For Turrell, “bringing the sky down” is not just a poetic turn of phrase. He is intrigued by human perception, and studied perceptual psychology before turning to art. Ordinarily, he says, we take for granted that the sky is something “up there.” But from inside the crater the sky will drop down—not because he’s done anything to the sky, but because he has changed the context for viewing it. Some of the spaces are precisely, mathematically oriented to capture rare celestial events, while others are shaped and lit to make everyday sunsets and sunrises look extraordinary. What Turrell has wrought is, indeed, a monumental sculpture that combines ancient principles of archaeoastronomy with modern insights from the labs of perceptual psychologists. There is nothing like it on the face of the earth.
Even before descending from the crater’s rim, it’s hard to remember that we’re only about 40 miles northeast of Flagstaff and civilization. Roden Crater, as it’s called, is a mile in diameter at its base on the desert floor and rises 700 feet to its rim. It is only one of many such cone-shaped craters in the middle of a 1,800-square-mile volcanic field. Turrell first saw it from the air nearly 30 years ago while piloting his own plane, looking for a place to make art out of light. It stood in the outback of a ranch that wasn’t for sale, and Turrell had no money to buy it even if it were, but these were mere details to a visionary artist arriving from the sky.

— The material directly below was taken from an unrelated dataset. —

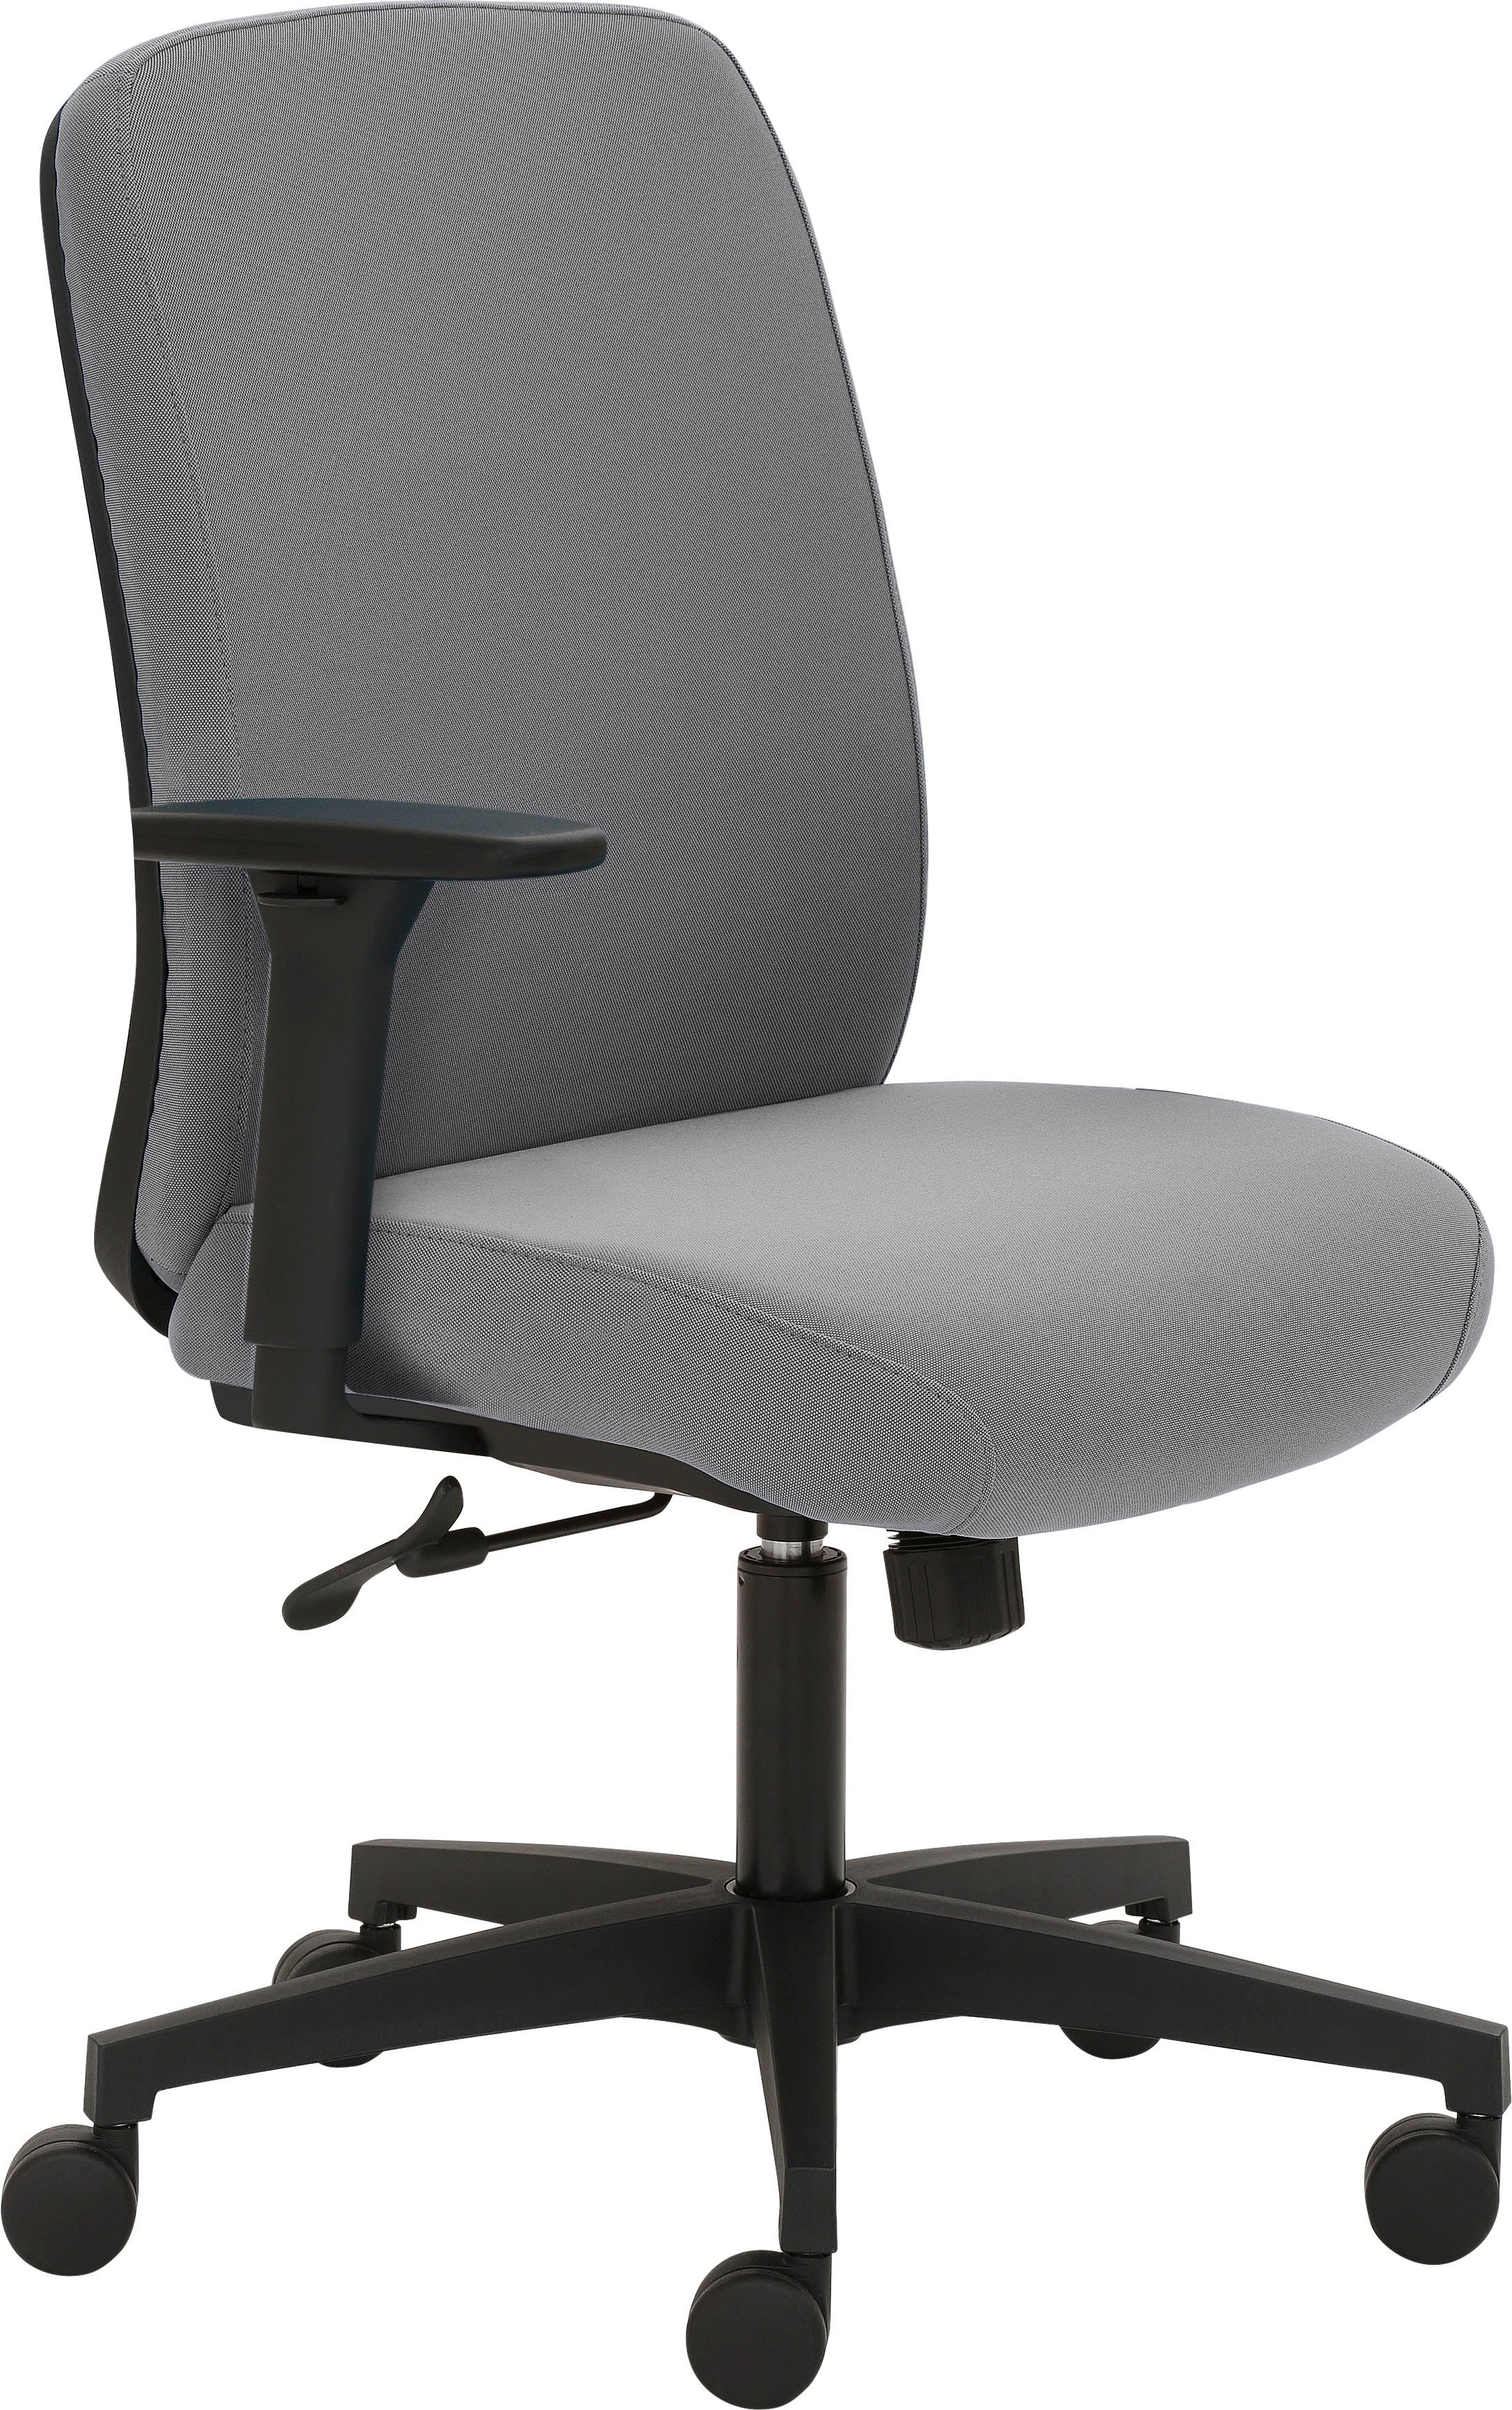 Mayer Sitzmöbel Drehstuhl 2219, GS-zertifiziert, extra starke Polsterung für maximalen Sitzkomfort Grau | Grau | Drehstühle

Tall, white-haired and full-bearded, Turrell today looks a bit like an Old Testament prophet. And he’s probably sometimes felt like one in the decades it has taken to build this monument in the desert. After convincing the owner to sell him the ranch in 1977 and scraping up enough for a down payment, he has had to excavate and move 1.35 million cubic yards of dirt, install 660 tons of steel and pour 5,500 cubic yards of concrete, mixed onsite from volcanic cinder and rock. He’s also had to turn himself into a cattle rancher, not only to help realize the project but also to hold on to grazing leases around the crater so that others could not build houses and add artificial light to the night sky. Besides all this, he’s had to work with astronomers and archaeoastronomers in planning the observation of celestial events for thousands of years in the future, and he’s had to move heaven and earth to raise the money from foundations to pay for it all—$10 million to date. Eventually the site will be maintained by the Dia Foundation. When asked how soon Roden Crater will be open to the public, Turrell tugs his beard and mumbles, “Afew more years, just a few more years.”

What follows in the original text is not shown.